Ельников больше не мог. Толкнул дверь и вышел. Милиционер почтительно приложил руку к козырьку, но Ельников не заметил. Быстро прошел коридором к выходу и лишь на улице, почувствовав студеный ветерок, вспомнил, что оставил шапку. Пришлось вернуться.
Майор подписывал паспорта. Тотчас отпустил сотрудницу.
— Ну что?
— Шапку забыл.
— Олег что говорит?
— А что ему сказать.
Николай Викторович взял со стула шапку, помял рассеянно, надел.
— Пойду. До свидания, Сергей.
— Подожди! — Майор схватил карандаш, положил, кашлянул. — Ты бы поговорил с ней...
— Да просто не представляю, как она...
— Скажи ей, что мальчик он еще, в сущности.
— А? Постой, с кем это — с ней?
— Да с потерпевшей.
— О чем? Ах ты вот что! Я думаю все про жену, про Лену... Так советуешь поговорить с потерпевшей? Уговорить, чтоб заявление не подавала? Так, что ли? Сергей, это чтоб за твоим отделением лишнего происшествия не числилось?
— Перестань, — вскинул голову майор. — Я не лакировщик! С каких пор перестал ты меня уважать, Коля? Но тебе-то за что несчастье? Лене за что мука — с передачей ходить?! Разве ты мне чужой? Разве чужие вы мне? Или я забыл, кто в сорок третьем под Ржевом выволок меня из окружения?! Не заслужил ты, директор, орденоносец...
— Наши ордена сыновьям не прикрытие. Свои заслуги пусть считают. И хватит, Сергей, об этом.

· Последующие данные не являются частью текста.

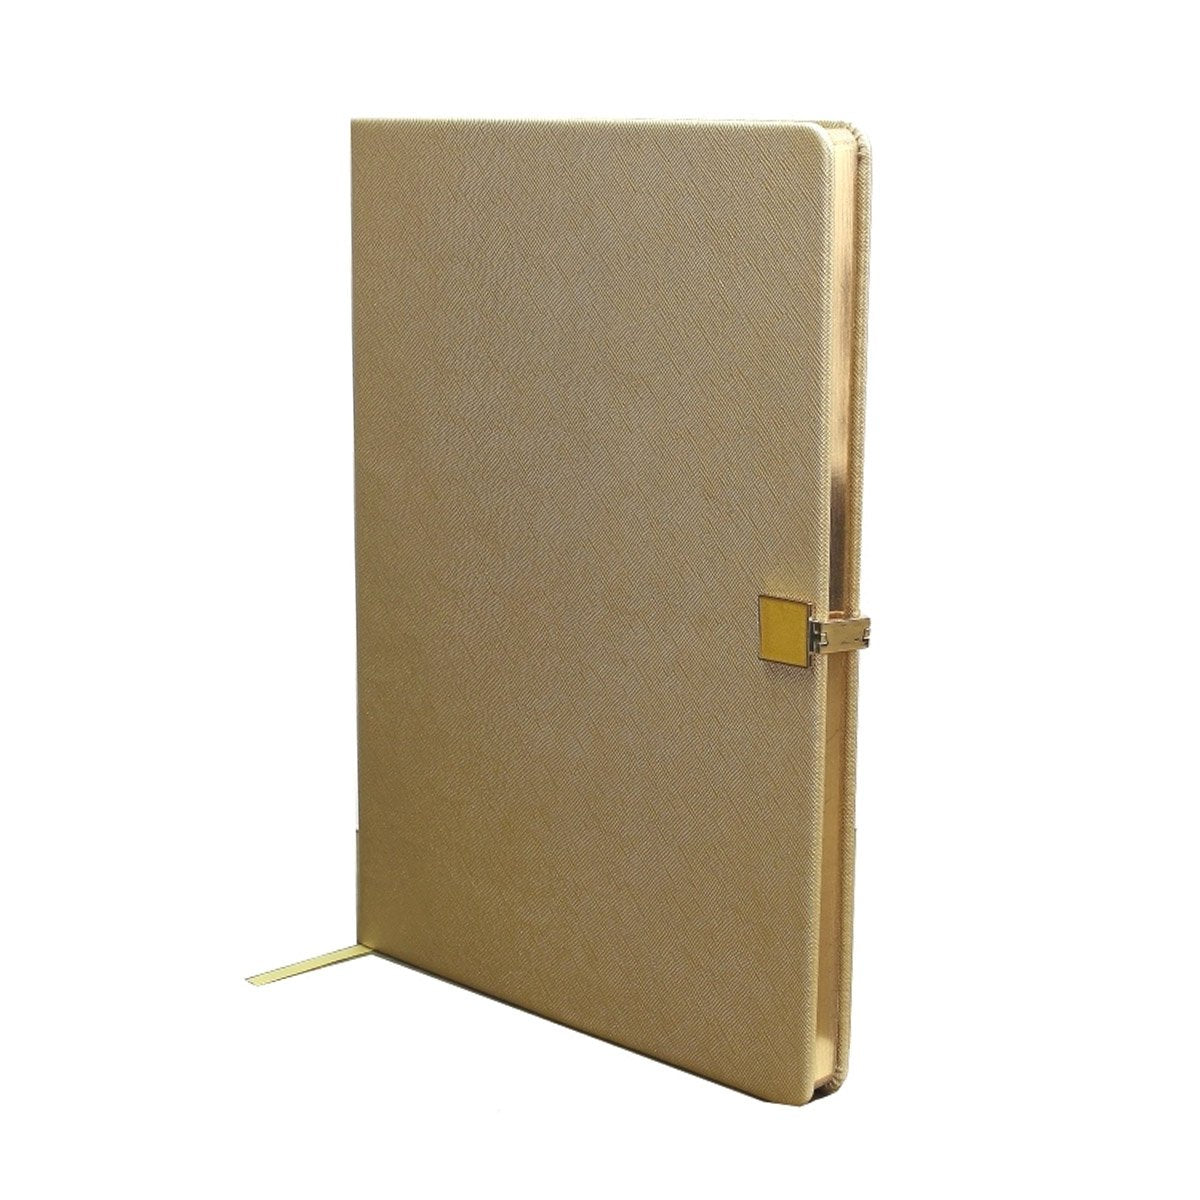 Gold & Gold A4 Notebook

Делай с хулиганами, что должен делать.
Майор подошел и положил ладонь на рукав Ельникова.
— Извини. Час назад, на этом месте один папаша взывал о снисхождении к развивающимся организмам... Извини, Коля. Ты сейчас едешь к Лене? Крепитесь, друзья мои. Если травма у девушки несерьезная, как-нибудь, возможно, обойдется и без лишения свободы.
— Спасибо. Пойду я.
Трубку взяла секретарша Мария Яновна.
— Алло? Приемная директора. Алло, алло!
— Это я, Ельников. Мария Яновна, из строительно-монтажного управления приехали уже?
— Из СМУ? Нет еще... нет.
Мария Яновна никогда еще, кажется, не лгала своему директору. Но голос его в трубке звучал так разбито...
— Когда приедут, просите подождать. Мне необходимо еще полчаса. У жены с сердцем плохо.
— Хорошо, Николай Вик... — Она спохватилась и оглянулась на двух насторожившихся посетителей из СМУ.
Ельников вышел из будки телефона-автомата и прижался плечом к шершавому камню стены. Мимо проходила курьерша из заводоуправления, взглянула мельком на пожилого мужчину у стены. Но не узнала директора.
3
Владислав Аркадьевич думал: «Ну, сейчас начнется истерика, не ко времени, как всегда». Но истерика не начиналась, жена только по-настоящему горько плакала, она была занята — собирала передачу для Радика, поминутно хлопая дверцей холодильника.
— Неужели ты не мог? Радик почти еще ребенок, был выпивши к тому же. Неужели ты не мог втолковать какому-то майору, что нельзя мальчика держать в тюрьме из-за девчонки, которая шляется по ночам! Наконец, пообещал бы что-нибудь достать, сделать, устроить... ну я не знаю, что там майорам надо!
— Чепуху городишь, Октавия. С кем следует, я уже...
По паспорту Извольская значилась Октябриной. Но ей казалось, что такое имя теперь «не звучит», и все, и муж тоже, звали ее Октавией.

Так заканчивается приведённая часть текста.